As shown in figure 10, cell filter has obtained HT29 cell and is placed in culture medium and trainsSupport, after 3 days cultivate, obtain cultured cell.
Embodiment 7
Use in embodiment 2 rare cell filter to be used for catching PBS solution and mix rectumCancer cell HT29, comprises the steps:
1) sterilizing: rare cell filter is placed in and carries out sterilizing under ultraviolet light;
2) finishing of cell filtration film: the MaxGel solution of getting the 20 μ l that prepare in advance(1:100 dilution proportion is in PBS solution) is placed in microwell array filter membrane 2.3 surfaces, carefullyIn born of the same parents' incubator, modify after 1 hour, remove residual solution, in fume hood, place 30 minutesAfter, microwell array filter membrane 2.3 is fixed on cover 2.4 by seal washer 9;
3) blood sample processing: get respectively 5 milliliters of normal person's blood samples, 4 milliliters of PBS solution, containThere is 1 milliliter of the PBS solution of rectum cancer cell HT29, and mix;
4) cell capture: the cover 2.4 that microwell array filter membrane 2.3 is housed is threaded onto by screw threadOn bobbin 2.1, guarantee sealing, the PBS solution that 10ml is contained to rectum cancer cell HT29Inject in enclosed cavity 3, injection tube 2 is slowly advanced into 1 bottom;
5) cell is fixed: after cell capture completes, take off cover 2.4 and microwell array filterFilm 2.3, the paraformaldehyde solution that is 4% by concentration is consolidated the HT29 cell being captured on filmFixed;
6) cell dyeing: cell dyeing: add successively 0.2% the penetrating liquid of Triton-Xl00 and1% bovine serum albumin(BSA) is to the cell pre-treatment of dyeing, then will have fluorescein-labeled anti-Body is placed on film, and makes it to tie mutually with the specific antigen of cell surface or the cancer markers of cellClose;
7) imaging and analysis: thin to the HT29 cell of catching on filter membrane with fluorescence microscopeBorn of the same parents carry out imaging and analyze number and the corresponding capture rate of the HT29 cell of catching.

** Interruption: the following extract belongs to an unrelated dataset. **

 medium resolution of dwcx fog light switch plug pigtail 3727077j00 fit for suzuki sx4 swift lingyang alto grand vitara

The HT29 cell fluorescence that Figure 11 catches after by filter membrane for blood sample. DAPI markFor all cells core, what CK identified is HT29 cytokeratin, and what CD45 identified is white thinBorn of the same parents, Merge is the constitutional diagram of DAPI, CK and CD45. Length of the scale is 100 microns.

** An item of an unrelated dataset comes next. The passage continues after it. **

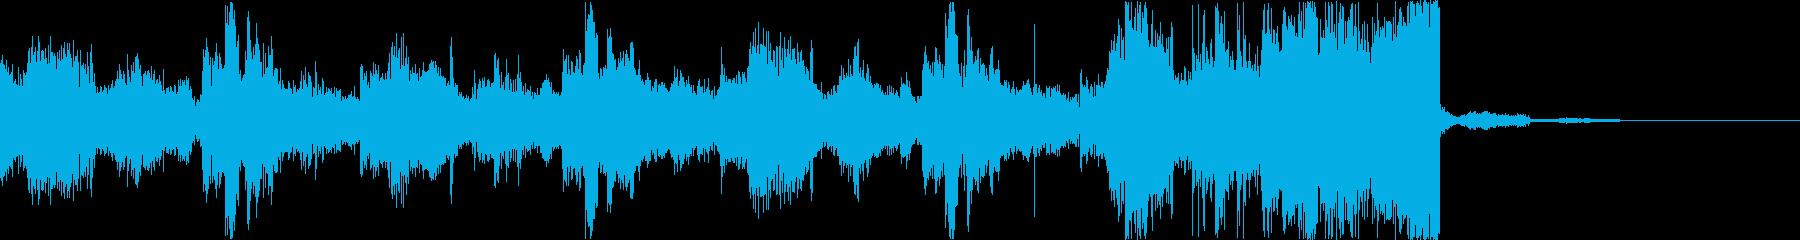 チルアウトクールなトロピカルハウスeの再生済みの波形

Other unspecified part is prior art. Although above-described embodiment is to the present inventionMade detailed description, but it is only the present invention's part embodiment, instead of all realExecute example, people can also obtain other enforcement according to the present embodiment under without creative prerequisiteExample, these embodiment belong to protection domain of the present invention.